Static linking is how the bulk of the program itself is linked. All of your object files are listed, and get collected together in to the EXE file by the linker. Along the way, the linker takes care of minor chores like fixing up references to global symbols so that your modules can call each other's functions. Libraries can also be statically linked. The object files that make up the library are collected together by a librarian in a .LIB file which the linker searches for modules containing symbols that are needed. One effect of static linking is that only those modules from the library that are used by the program are linked to it; other modules are ignored. For instance, the traditional C math library includes many trigonometry functions. But if you link against it and use cos(), you don't end up with a copy of the code for sin() or tan() unless you also called those functions. For large libraries with a rich set of features, this selective inclusion of modules is important. On many platforms such as embedded systems, the total size of code available for use in the library can be large compared to the space available to store an executable in the device. Without selective inclusion, it would be harder to manage the details of building programs for those platforms.

However, having a copy of the same library in every program running creates a burden on a system that normally runs lots of processes. With the right kind of virtual memory system, pages of memory that have identical content need only exist once in the system, but can be used by many processes. This creates a benefit for increasing the chances that the pages containing code are likely to be identical to some page in as many other running processes as possible. But, if programs statically link to the runtime library, then each has a different mix of functions each laid out in that processes memory map at different locations, and there aren't many sharable code pages unless it is a program that all by itself is run in more than process. So the idea of a DLL gained another, major, advantage.
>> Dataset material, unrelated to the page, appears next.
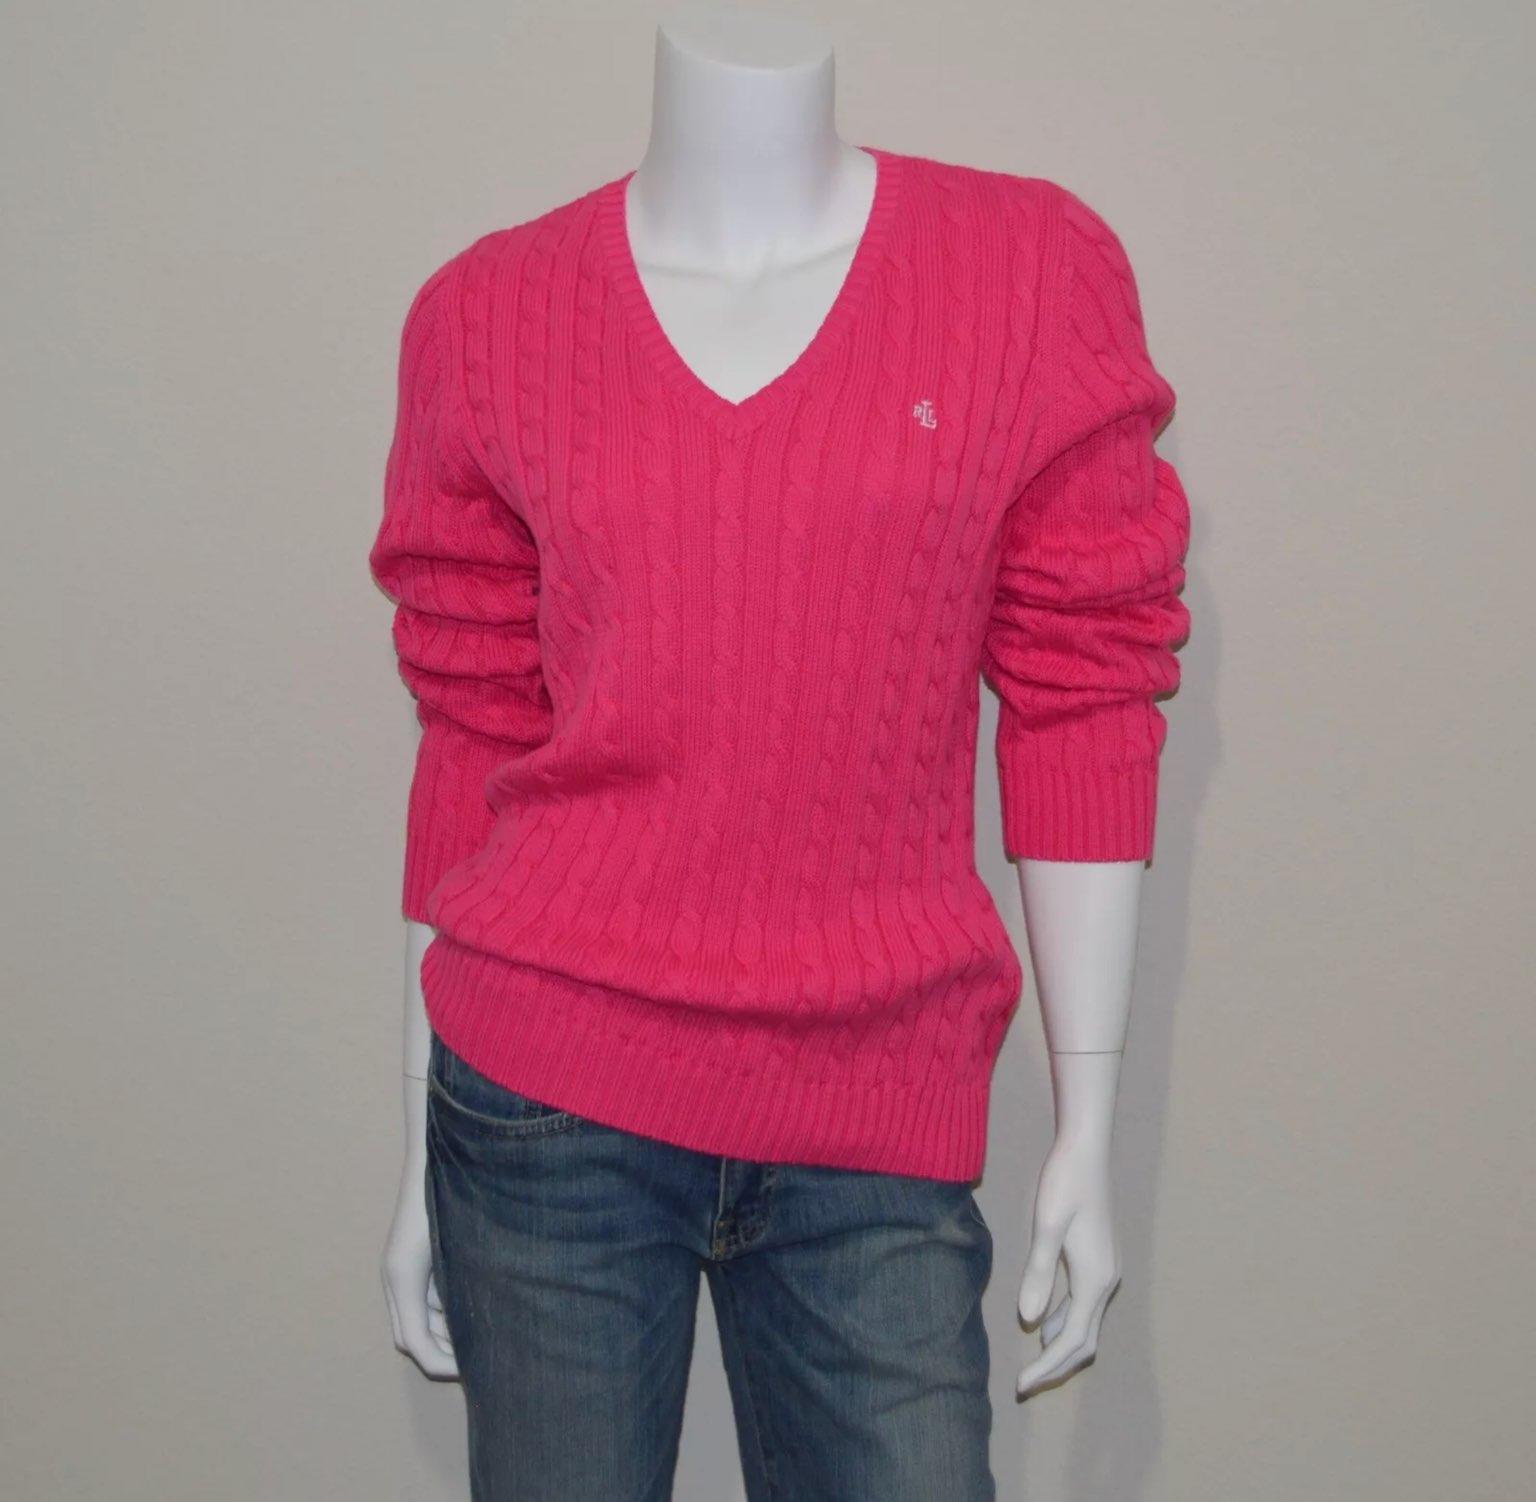 Lauren Ralph Lauren Cable Knit Sweater M - Mercari: BUY & SELL ...

A DLL for a library contains all of its functions, ready for use by any client program. If many programs load that DLL, they can all share its code pages. Everybody wins. (Well, until you update a DLL with new version, but that isn't part of this story. Google DLL Hell for that side of the tale.)

So the first big choice to make when planning a new project is between dynamic and static linkage. With static linkage, you have fewer files to install, and you are immune from third parties updating a DLL you use. However, your program is larger, and it isn't quite as good citizen of the Windows ecosystem. With dynamic linkage, you have more files to install, you might have issues with a third party updating a DLL you use, but you are generally being friendlier to other processes on the system.

A big advantage of a DLL is that it can be loaded and used without recompiling or even relinking the main program. This can allow a third party library provider (think Microsoft and the C runtime, for example) to fix a bug in their library and distribute it. Once an end user installs the updated DLL, they immediately get the benefit of that bug fix in all programs that use that DLL. (Unless it breaks things. See DLL Hell.)

The other advantage comes from the distinction between implicit and explicit loading. If you go to the extra effort of explicit loading, then the DLL might not even have existed when the program was written and published. This allows for extension mechanisms that can discover and load plugins, for instance.